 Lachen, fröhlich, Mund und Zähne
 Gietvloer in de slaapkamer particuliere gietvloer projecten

============================================================

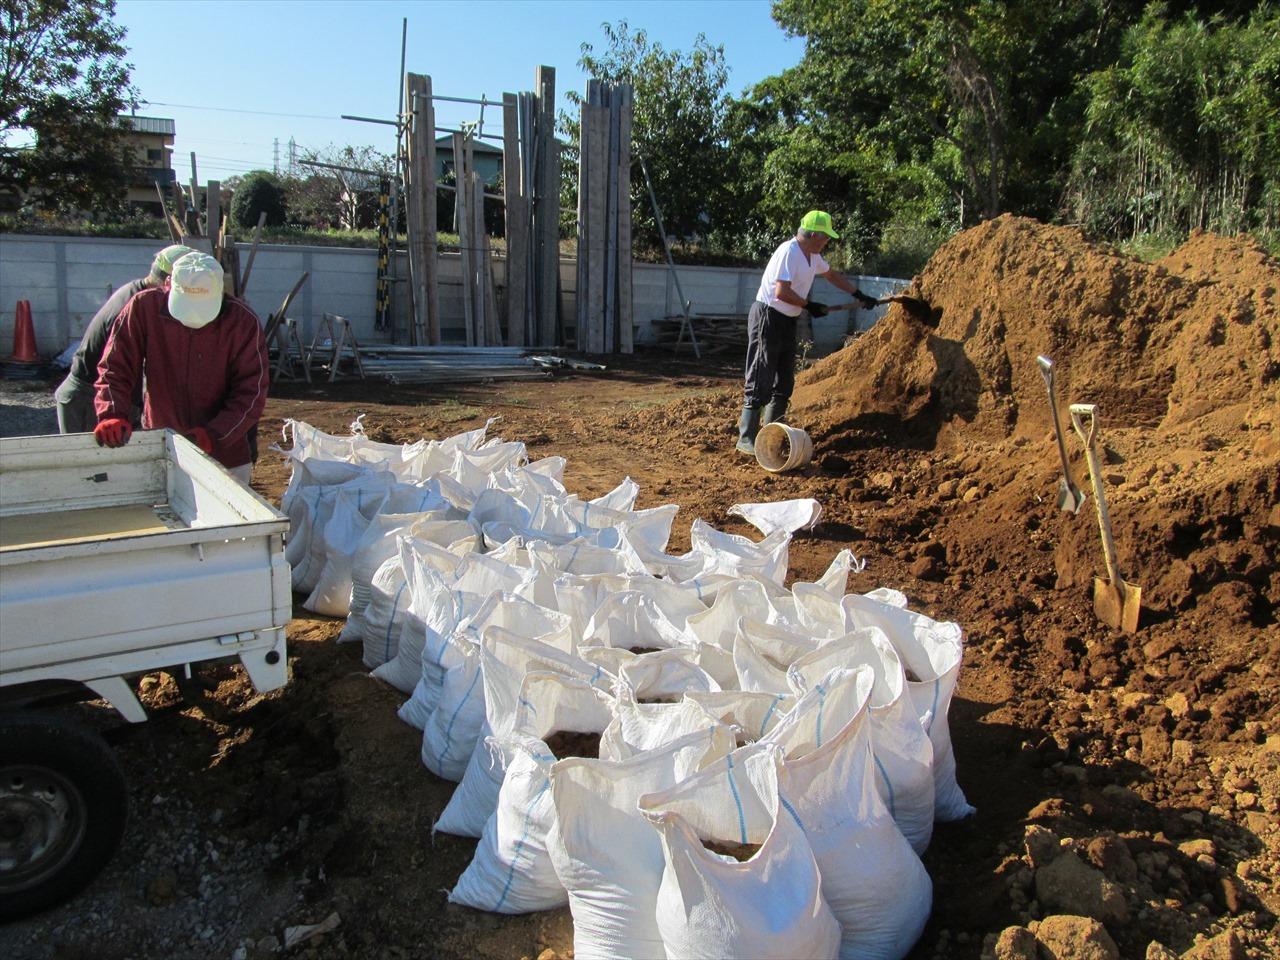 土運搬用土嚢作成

============================================================

• _Your goal_
Look above for the line with "Lachen, fröhlich, Mund und Zähne" and the line with "Gietvloer in de"; transcribe both and all lines in between, exactly, and nothing else.

• _Problem solution_
 Lachen, fröhlich, Mund und Zähne
 Gietvloer in de slaapkamer particuliere gietvloer projecten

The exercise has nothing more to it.